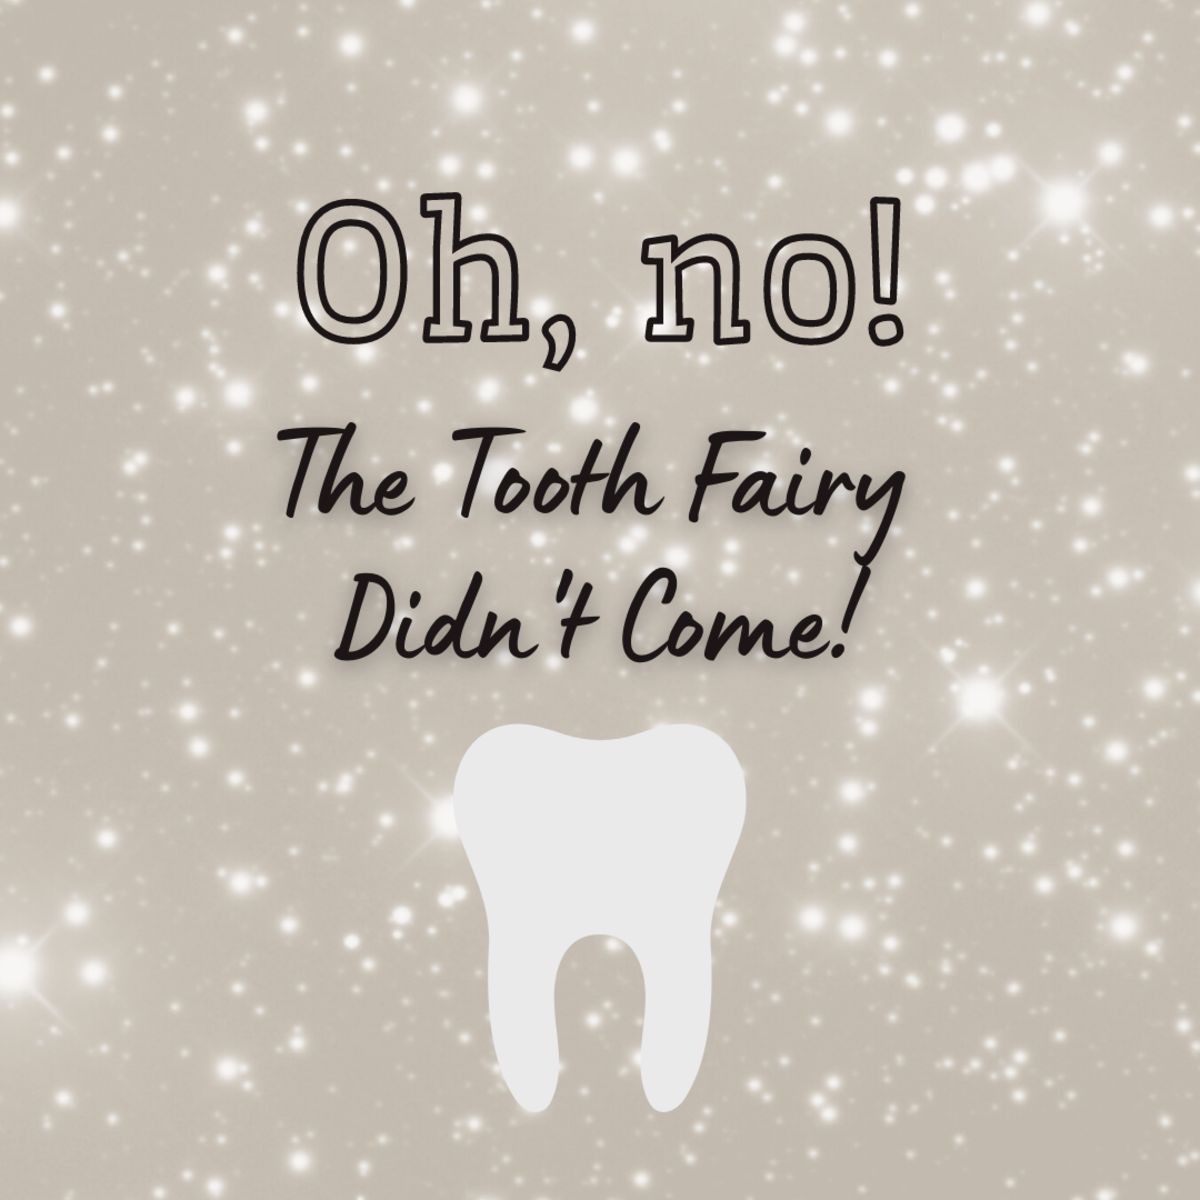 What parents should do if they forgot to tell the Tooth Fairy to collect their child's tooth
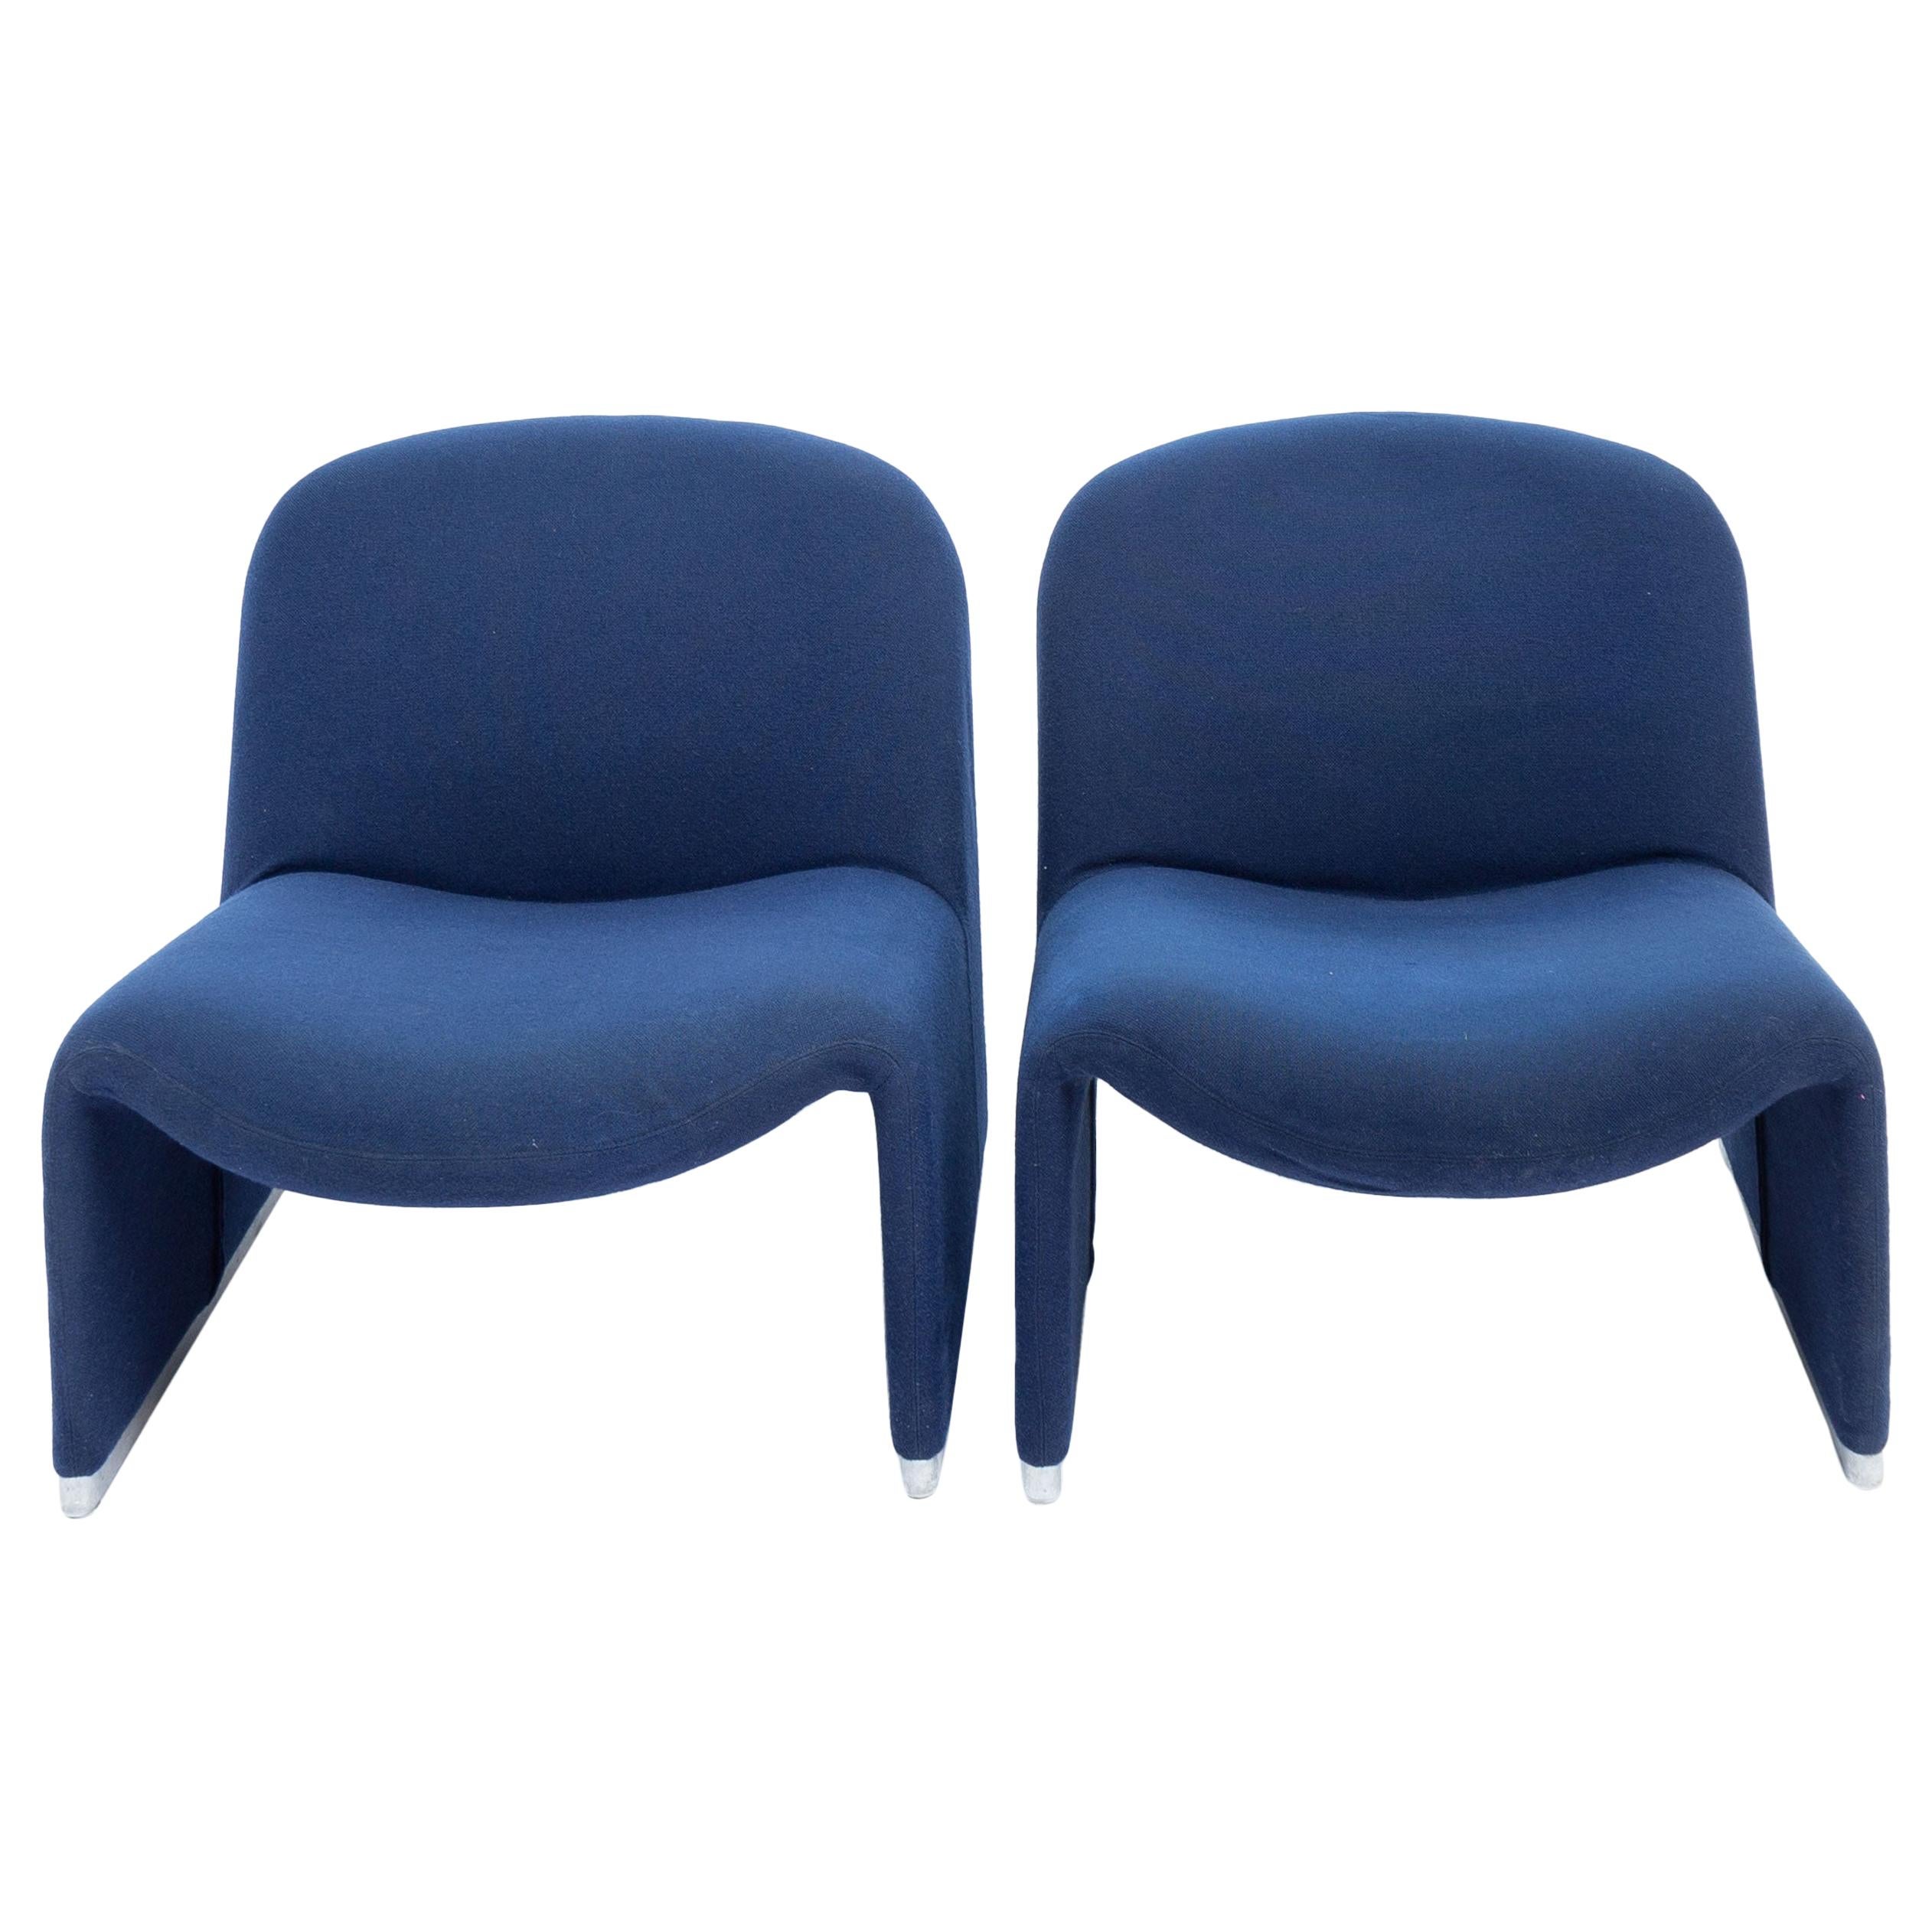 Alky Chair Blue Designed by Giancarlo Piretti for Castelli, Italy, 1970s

++++++++++++++++++++

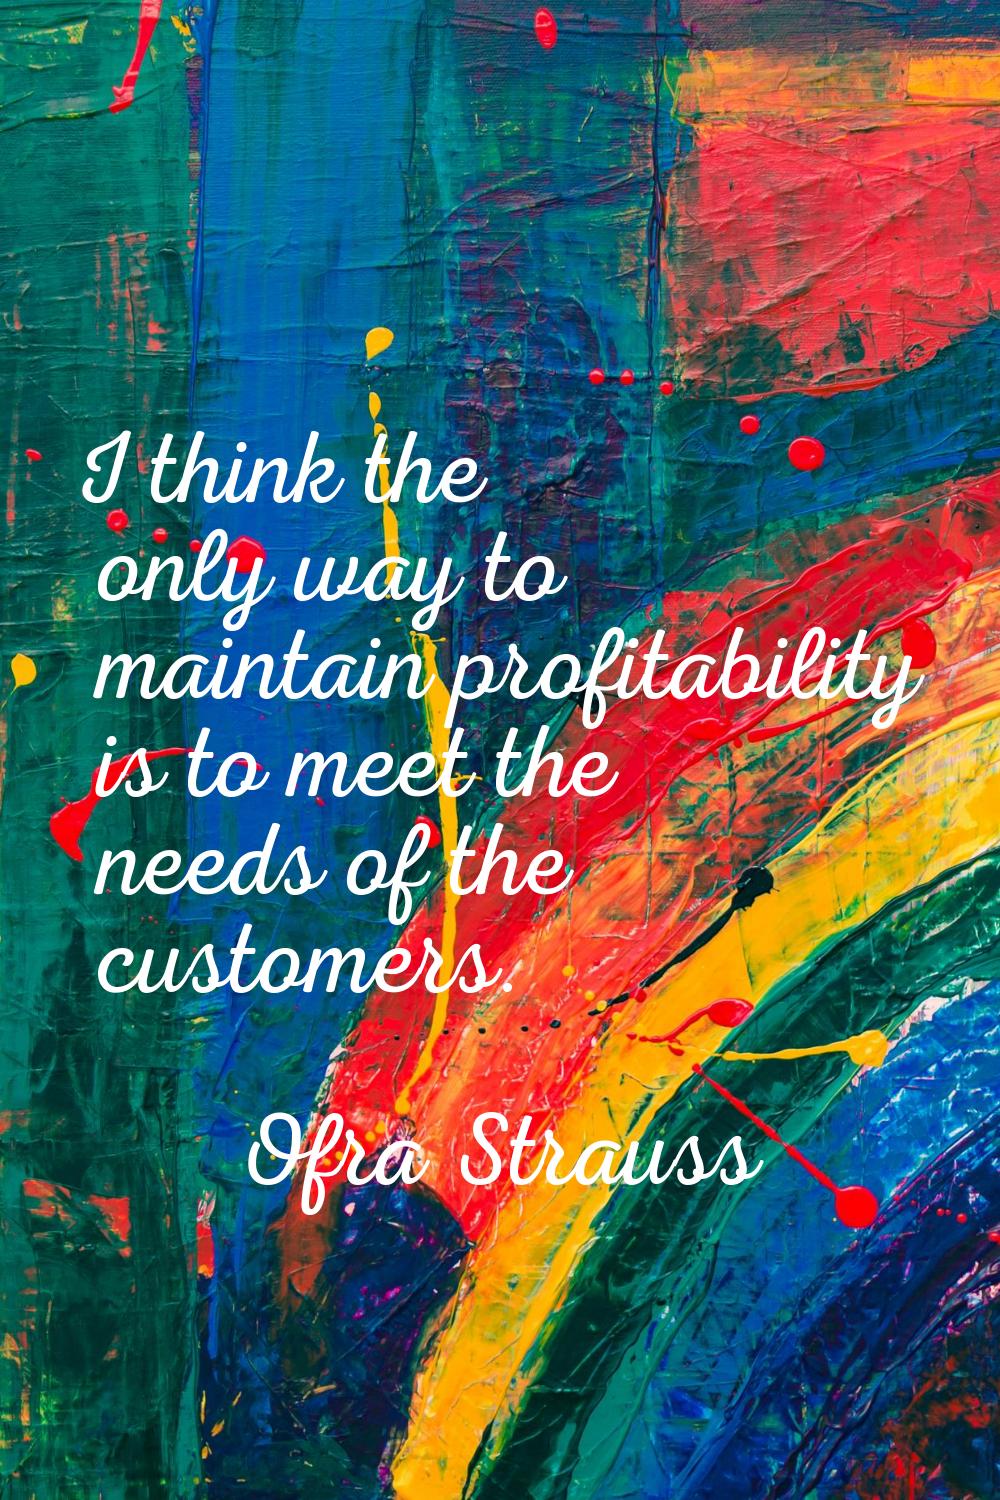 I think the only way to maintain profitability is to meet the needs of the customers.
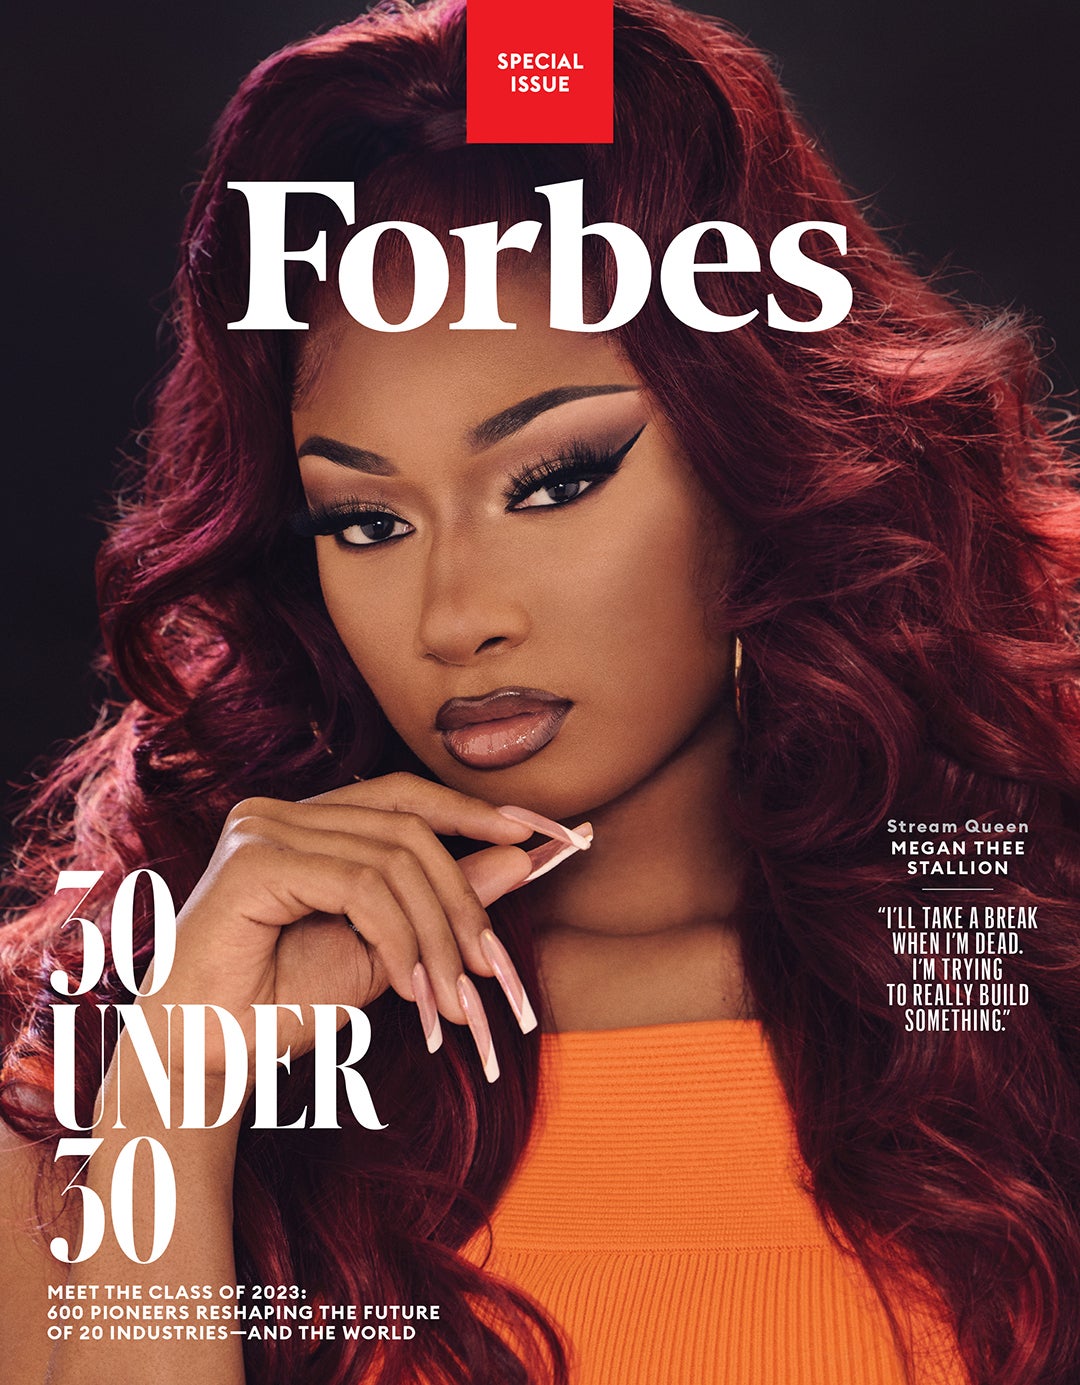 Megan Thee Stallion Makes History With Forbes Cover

++++++++++++++++++++

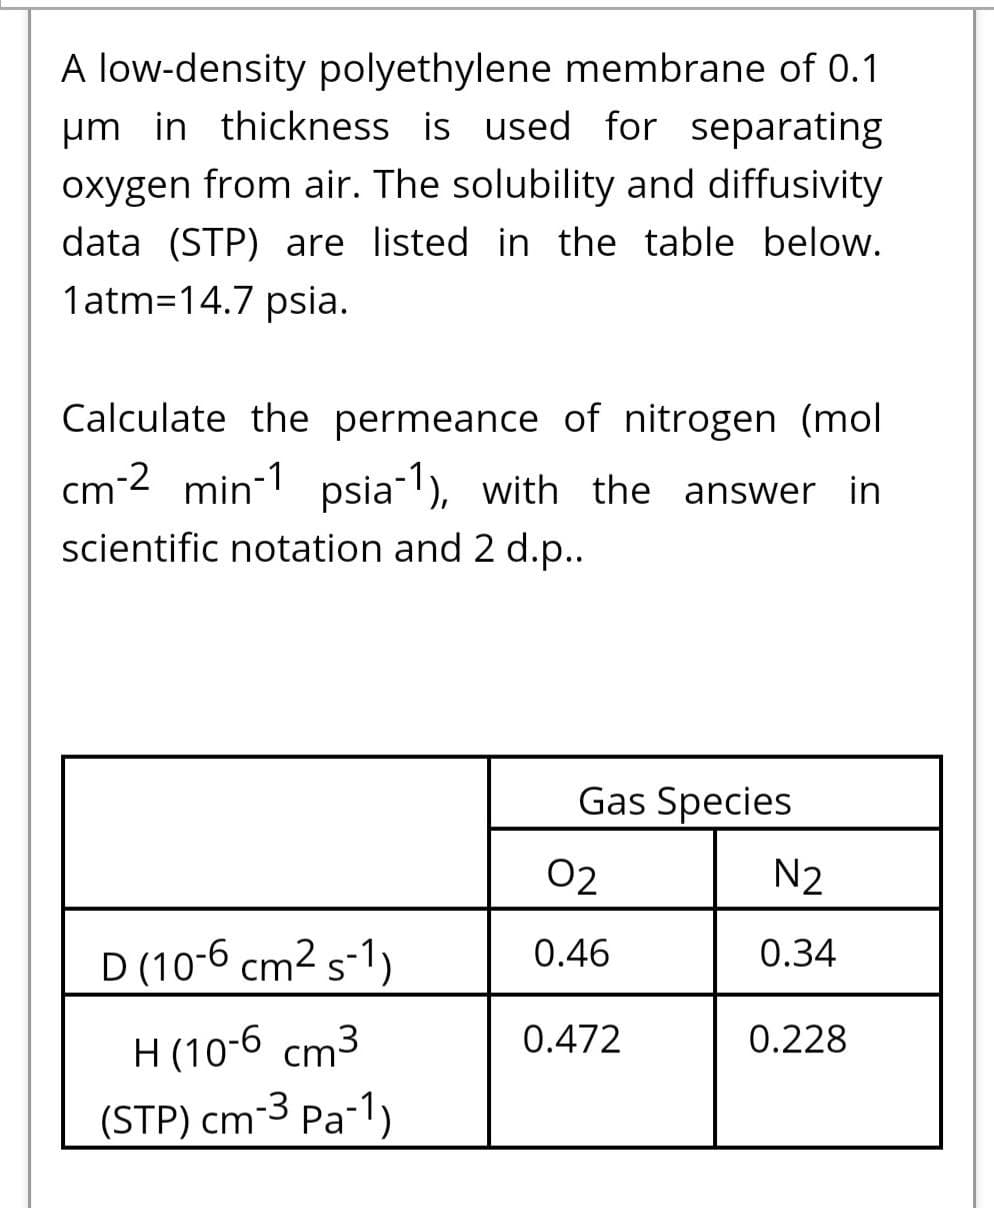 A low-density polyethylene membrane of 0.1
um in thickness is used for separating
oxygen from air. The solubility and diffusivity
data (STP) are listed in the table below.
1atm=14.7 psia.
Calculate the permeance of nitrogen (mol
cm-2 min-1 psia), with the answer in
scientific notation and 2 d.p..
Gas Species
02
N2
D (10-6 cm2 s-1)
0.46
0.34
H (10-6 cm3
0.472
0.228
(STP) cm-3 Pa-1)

++++++++++++++++++++

TASK =>
For each line of the data that includes the word "psia", return a copy of it.

REPLY TO THE TASK =>
1atm=14.7 psia.
cm-2 min-1 psia), with the answer in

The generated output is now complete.